Dispatcher Salley Beach checks a computer-assisted dispatch screen Tuesday, Dec. 22 at the Palmer Dispatch Center. Officials in the Mat-Su borough are considering changes to the way dispatch
Dispatcher Salley Beach checks a computer-assisted dispatch screen Tuesday, Dec. 22 at the Palmer Dispatch Center. Officials in the Mat-Su borough are considering changes to the way dispatch services are provided, including outsourcing equipment maintenance and consolidating operations. Brian O'Connor/Frontiersman.com

WASILLA — Local city and borough officials say changes to the way 911 calls are handled in the borough could drive up costs for the service, but may be necessary to improve service.

All 911 calls in the borough currently go through the 12-person Palmer dispatch center, which handles about 27,000 calls per year. Calls requiring law enforcement services other than those at the Palmer Police Department then get transferred to the Mat-Com Dispatch center in Wasilla, which dispatches Alaska State Troopers and Wasilla Police. The contract is worth about $900,000 per year.

Estimates provided in a borough research paper estimate the future dispatch contract could increase to $1.2 million.

The current contract is almost a decade old, and efforts to update it have been contentious. For example, in March 2014, borough officials sent out a new request for proposal that opened the bidding process to providers statewide, and awarded the contract to the City of Palmer, the previous contract holder. Wasilla officials contested the award over concerns about the process.

Mayor Bert Cottle, then a deputy administrator under mayor Verne Rupright, said the concern was about the process.

“We didn’t believe [borough officials] followed the guidelines they set out,” he said.

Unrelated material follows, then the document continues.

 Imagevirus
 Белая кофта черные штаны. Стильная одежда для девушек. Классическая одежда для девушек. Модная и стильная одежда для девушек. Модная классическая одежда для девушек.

Instead of resolving the conflict, borough officials essentially rolled the contract over again. Palmer retained the dispatch contract under the 2006 terms, and avoided a pension payment and budget increase despite a staffing reduction (eliminating dispatchers as a category of borough employee would automatically make the city liable for $2.7 million in pension obligations over 20 years, officials said in 2013).

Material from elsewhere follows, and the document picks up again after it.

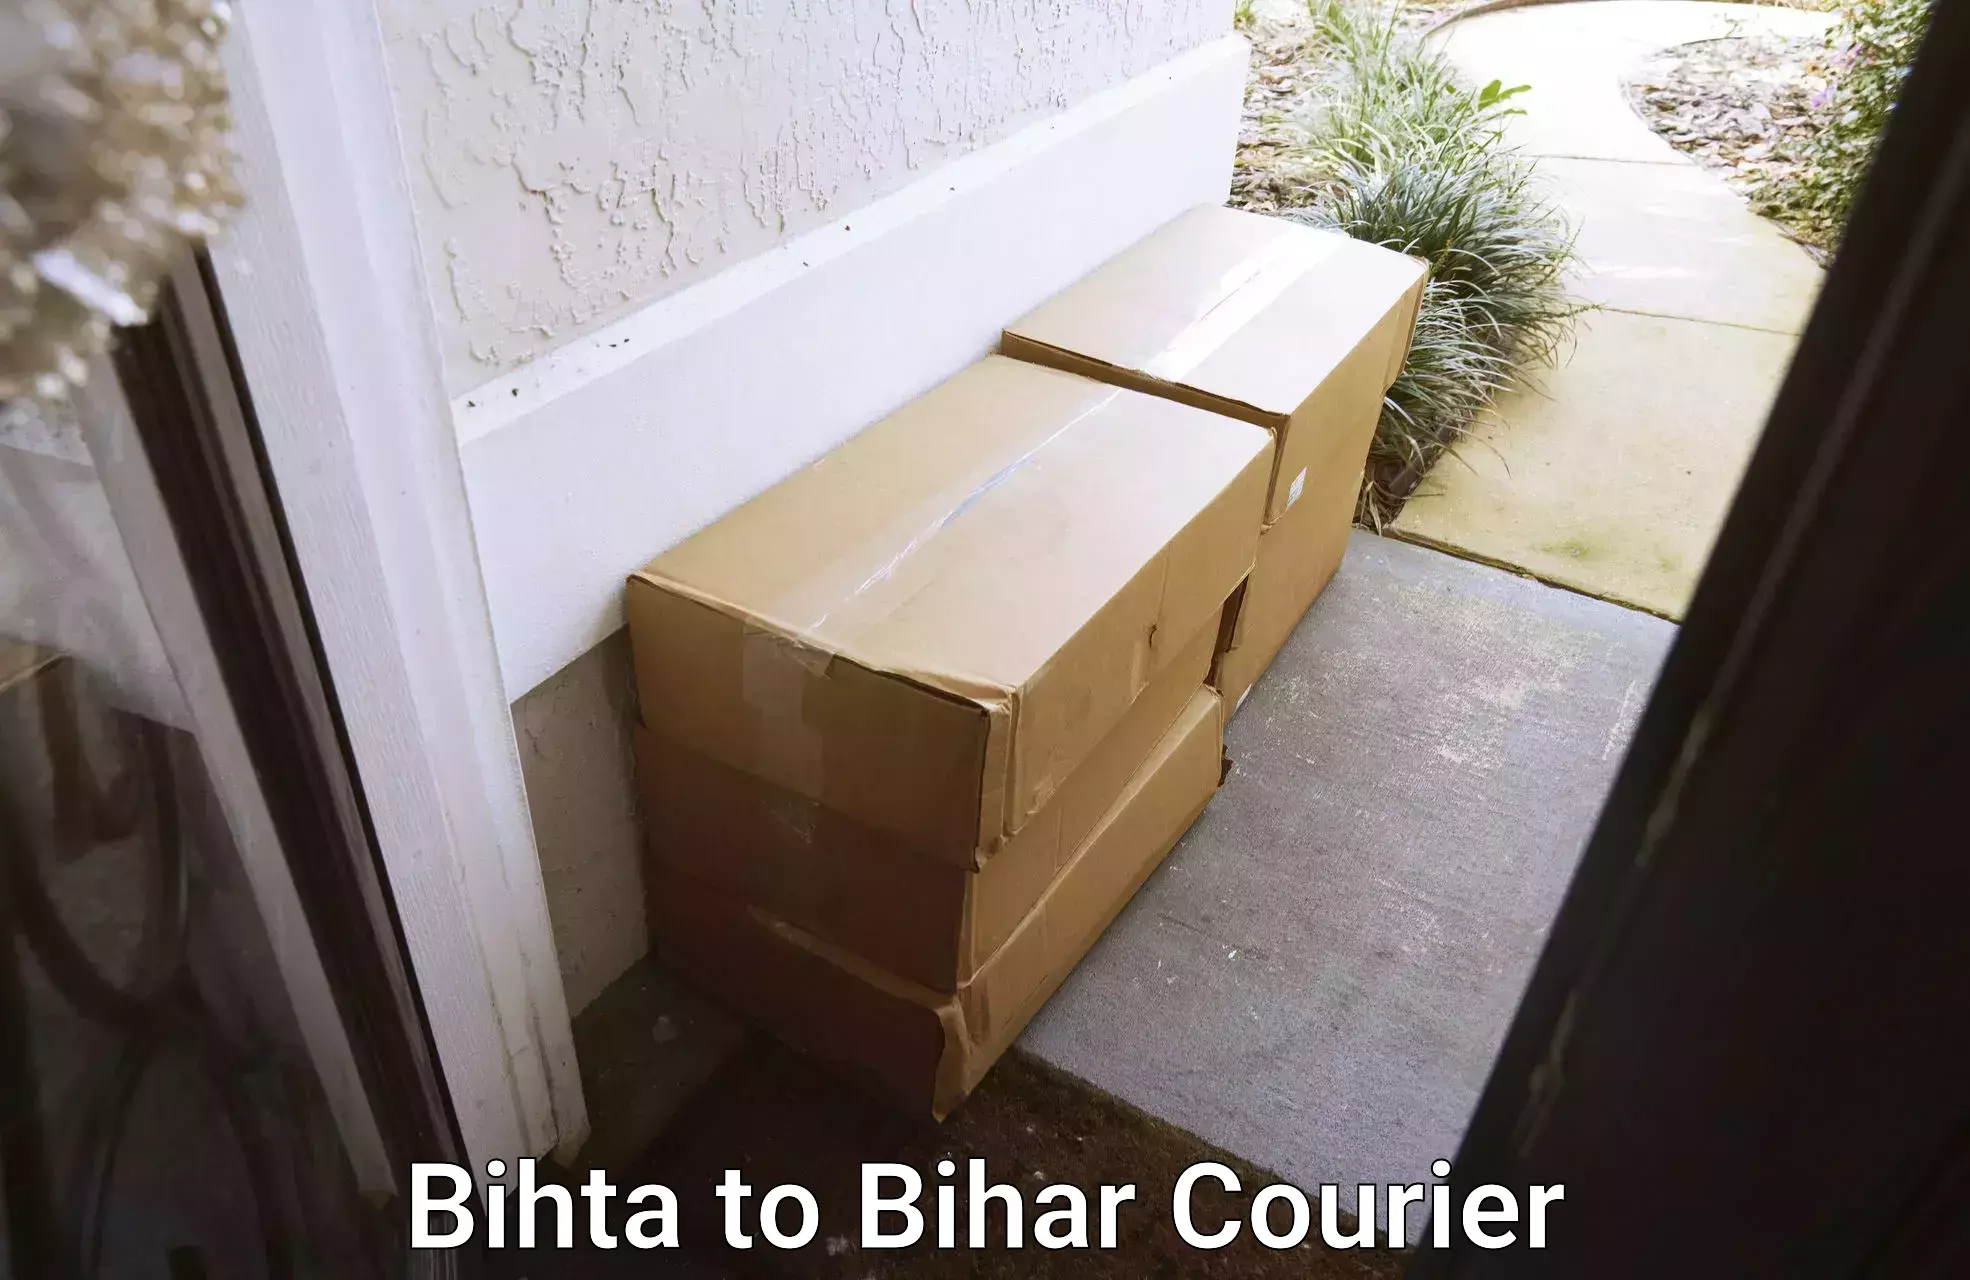 Cost-effective moving options Bihta to Bihar

Palmer Mayor Delena Johnson said updating the current contract was unnecessary.

“We have a lot of trained dispatchers in place,” she said. “It’s a well-run, efficient system. There’s no reason to change it.”

The current contract only covers manpower. Changes outlined in a borough white paper include the cost of adding equipment historically provided and maintained by the borough, said borough information technology director Eric Wyatt. That’s because borough officials are also required to provide hardware support, and the borough does not provide 24-hour support, according to the white paper.

The proposal lists four cons and one pro to the possibility of adding software. The pro is that borough information technology staff won’t be responsible for repairing the software. The four cons: it will cost too much for the borough, won’t provide a reduction in manpower, the borough will still need to retain records of dispatch calls, and that a new RFP could potentially end up moving the 911 system out of the borough altogether.

Borough official have also started to push for consolidated dispatch operations over concerns that the transfer system can create problems, with at least some calls getting dropped or disconnected in the process, and callers having to repeatedly describe the same situation to dispatchers. For example, if law enforcement officers attached to the Wasilla dispatch discover that additional services are needed, they have to pass the call back to the Palmer dispatch to receive them.

Transfers have also proven dangerous for first responders. For example, during a 2013 public meeting on the subject, a Wasilla-based dispatcher described a situation where she sent an Alaska State Trooper to a house where an armed man was waiting to ambush law enforcement, at least in part because she wasn’t able to hear the first portion of the call, which was answered in Palmer.

In the past, Alaska State Troopers have insisted on separate dispatch services, foiling attempts to blend the services together. Officials with the troopers did not respond with a comment in time for this story.

Dispatchers at a relatively quiet Palmer Dispatch center said Tuesday they were waiting to see how consolidation would play out, though the need for effective service is undeniable. Dispatchers there have delivered babies and saved lives over the phone, and said location wouldn’t affect how they performed their jobs. They also said they face less-than-uniform cell phone service and field calls from remote locations, which can affect service.

“We’re the Valley’s number-one rated radio station,” quipped dispatcher Myra Lanthier.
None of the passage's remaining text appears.